What's for lunch today? Take inspiration from Mumsnetters' tried-and-tested recipes in our Top Bananas! cookbook - now under £10Find out more
Abu to be sick of hearing parents whine about school holidays(138 Posts)
Our kids are about to break up for a weeks school holidays. Me personally I can't wait to spend some proper time with my child. I'm lost when he is at school. Regardless of how well he is behaving I never wish he was back at school.
But what annoys me is the amount of posts on social media lately about how parents are dreading the school holidays, that they can't wait for them to go back etc.
These are your kids, not the teachers, yours, they spend 6 hours a day at school, as it is. But then you begrudge them having a little time to let off steam at home. Personally I had my child because I love kids and although I know school is important for him, I love the holidays and love to spend time with him. Because during school term time I only see him for two hours each night before he is asleep, we don't get much time to do anything and when we do it's normally homework related. Weekends are super busy as it is because it's the only time DS gets to see his grandparents so again we are limited to the time we get to spend together just as a small family. So when school holidays come I'm over the moon, I get to spend quality time with my child. But then I hear parents whine about how there should be less school holidays or that they wish they were back at school, it makes me pity their kids. These are children who have spent every day for weeks on end away from their families, and so what if they are exited and a bit playful because its the holidays. Make the most of it
My mum had 7 of us and still made room for more through the holidays. We always had friends round, cousins stopping etc. Not once did my mum ever complain, she always made sure to spend time with us during school holidays even if it was just over a bit of gardening or playing board games.

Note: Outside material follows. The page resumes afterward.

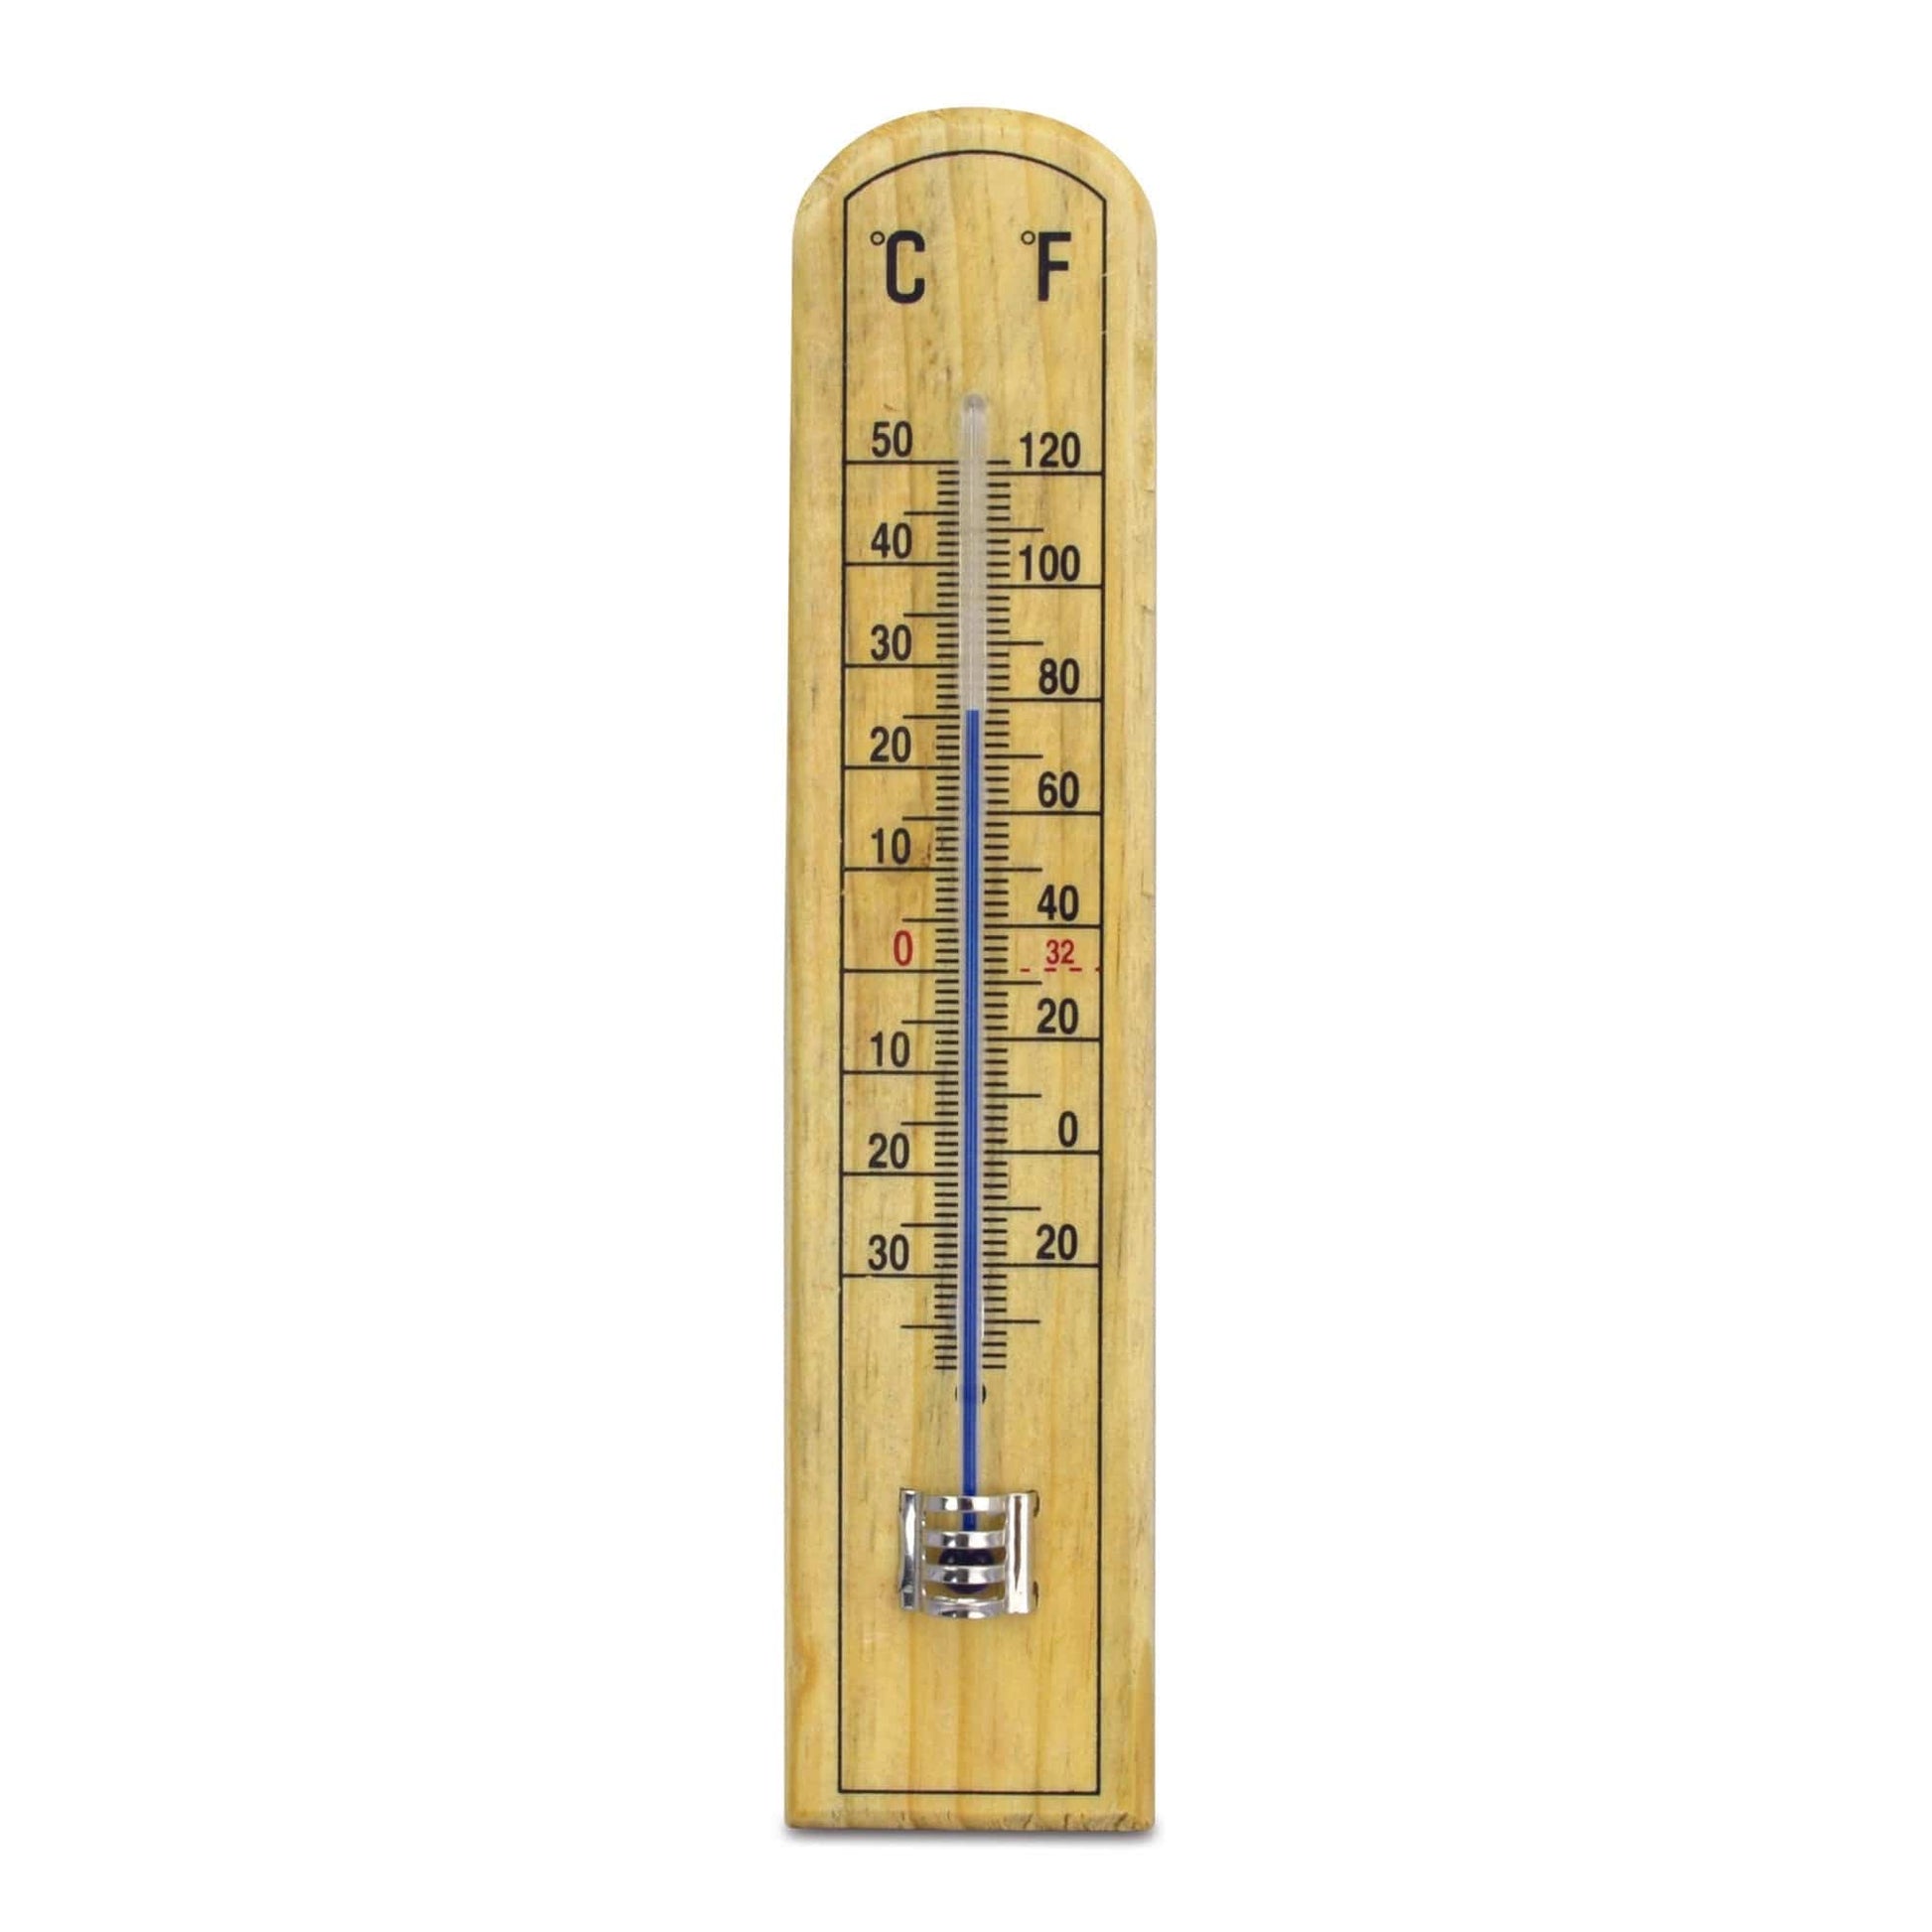 Un Thermomètre en hêtre - 45 x 205 mm par Thermometer.eu sur fond blanc.

Instead of whining about looking after their own children, some parents need to rwalise they brought that child into the world maybe they need to spend some time with them. Don't just leave your child to entertain themselves and then wonder why they fight and squabble or scream and whine. Plan something to do with the that's fun. Enjoy the time with them. They will be back at school before you know it.
Awww I genuinely feel like that until about day 3 when I'm sick of playing referee to 3 kids.
Do you work? For working parents or single parents it can bee very hard to cover all the school holidays.
Being lost without your child is a bit sad - he'll grow up and leave you eventually. Don't lose who you are in the intervening years.
How’s your work about it? Do you have plenty of spare holiday? That tends to help.
Mumsnet in a ‘some people are different to others’ shocker .
Some people struggle with childcare in the holidays. Some people have very little money and struggle for ways to keep their children entertained in the holidays. Mine are both pre school and I hate school holidays because all the usual, quiet places we go in the week are full of school kids . Nothing to do with not wanting to spend time with my children.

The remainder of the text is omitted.